Молодой, красивый командир, несколько дней квартировавший в их доме, как-то сказал ей:

– Анечка, вы чудное мгновение! Я это понял, как только увидел вас.

– Я тоже читала Пушкина, – ответила она, польщенная, и резко вскинула голову, как молодая кобылка, на которую попытались накинуть уздечку. Она была слишком юной, чтобы понять, что это осторожное объяснение в любви.

Лейтенант Игорь Мещерский был старше ее всего на четыре года, но ей он казался зрелым мужчиной. Особенно после того, как однажды он назвал ее деточкой. Она оскорбленная вспыхнула, готовясь ответить какой-нибудь колкостью, но ее быстрый взгляд встретился с его глазами и, сразу как-то обессилел: она поняла, что ничего сказать не сможет. Наклонила голову и покраснела, как школьница, забывшая урок.

Лейтенант поспешил ей на выручку:

– Вы идете гулять? Разрешите вас проводить?

Все еще пытаясь сердиться, она ответила с наигранным безразличием:

– Пожалуйста.

Они шли по длинной сельской улице, и она испытывала гордость от того, что рядом с ней идет высокий, красивый военный, затянутый в ремни. Встречавшиеся солдаты отдавали ему честь, а женщины и девушки, смотрели на них с доброй зависть.

На широком деревянном мосту через речку Рогожка каждый вечер собиралось шумное гулянье. Ни одна девушка не оставалась без кавалера – солдата. «Мотаня» была многолюдная и веселая. Бессменно играл гармонист из соседней деревеньки Никольское – слепой Сережа, худощавый, болезненного вида парень. Гармонь в его руках творила чудеса: играла щемящие душу вальсы, задорную польку, игривый краковяк и всеми любимую, неутомимую на частушки, «мотаню»:

Ой, залетка, дорогой дорожила вами,

А теперь я дорожу синими глазами!

Под дробный перестук каблуков чеканила высоким голосом с прощальной удалью Маша Харланова, первая певунья на селе.

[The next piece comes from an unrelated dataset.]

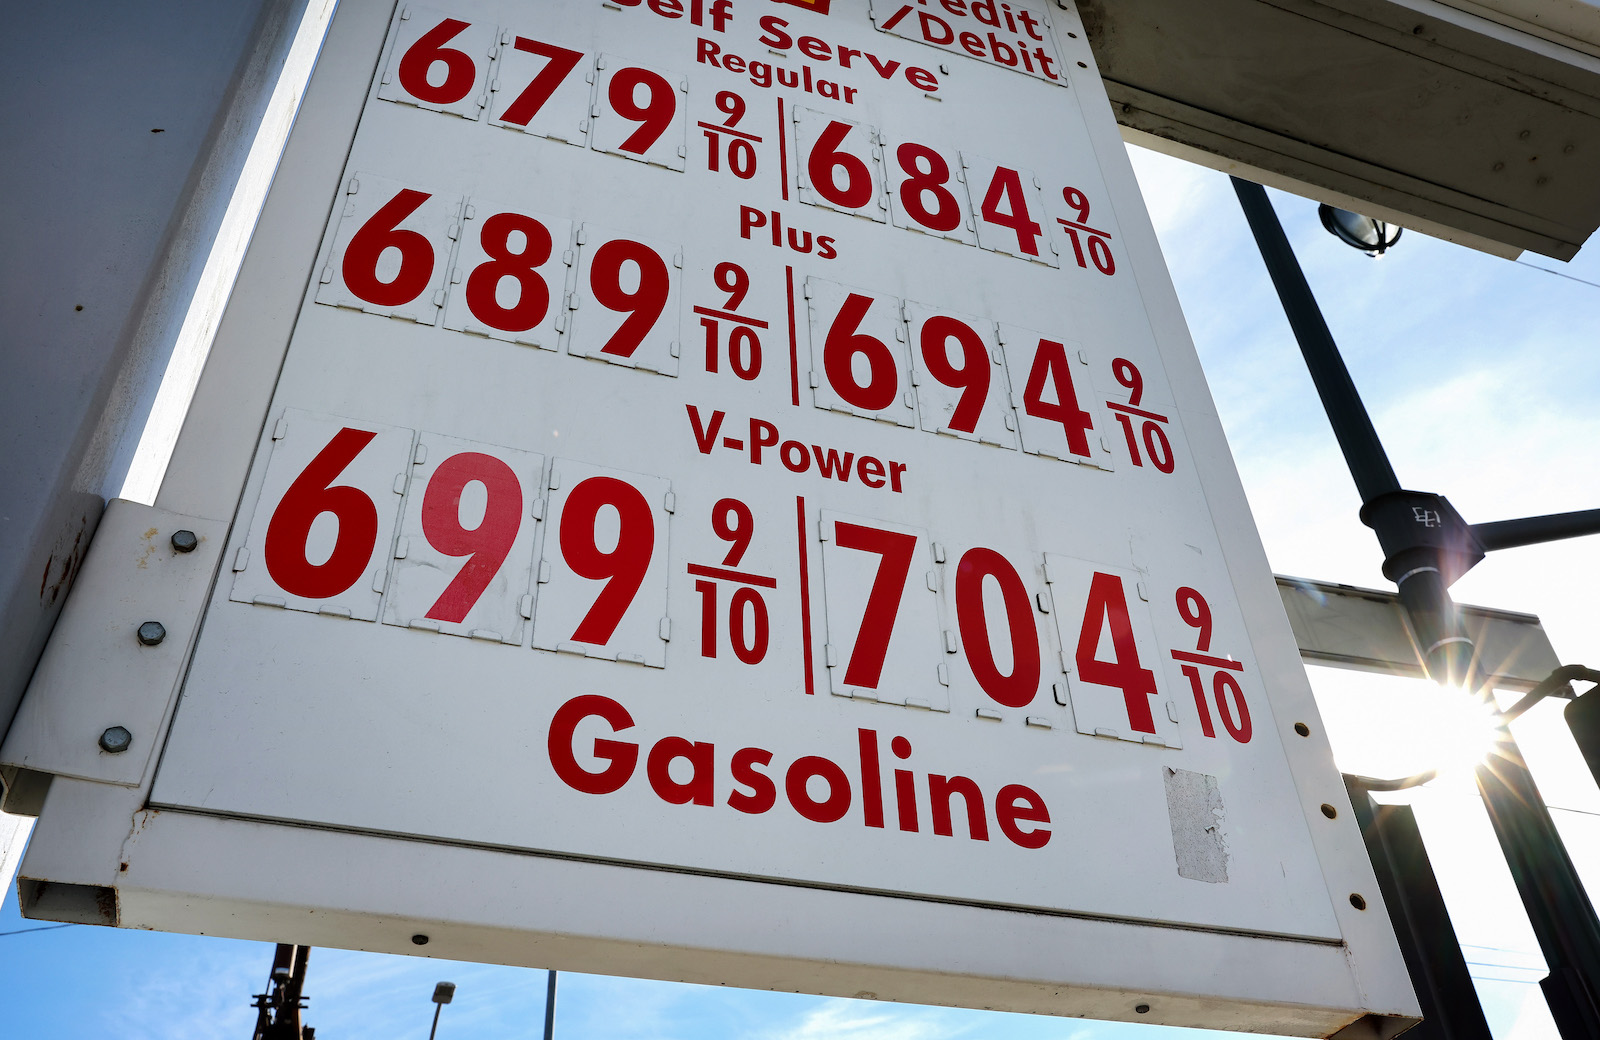 A gas station sign in California shows prices almost reaching $7.

Народа собиралось много, и часто танцевали сразу в два хоровода. Из другого хоровода, тонко перекрывая голос гармони, гордо взлетала другая частушка:

У моего  милого
Кари глазки чуб волной,
Как у Ворошилова.
И – и –и …

Голоса сливаются с певучими переливами гармони. Млеют и замирают девушки в ожидании слов о любви, которые будут говорить им сегодня кавалеры, провожая до дома. Никто не думает о том, что завтра они расстанутся навсегда: уйдут солдаты на передовую, и неизвестно, кто останется в живых. А сегодняшний вечер упоительно хорош, и, кажется, что никогда не кончится.

Когда гармонист отдыхает, становится слышно, как в зарослях ивняка свистят и страстно щелкают соловьи. Звезды роятся над головой, и такая тишина! Не верится, что где-то, совсем недалеко, идет война.

….Она стояла рядом с лейтенантом Мещерским, «мотаню» не плясала. В педучилище на вечерах уже привыкла танцевать вальсы, танго, фокстроты. Но сейчас песни о любви грели ее душу.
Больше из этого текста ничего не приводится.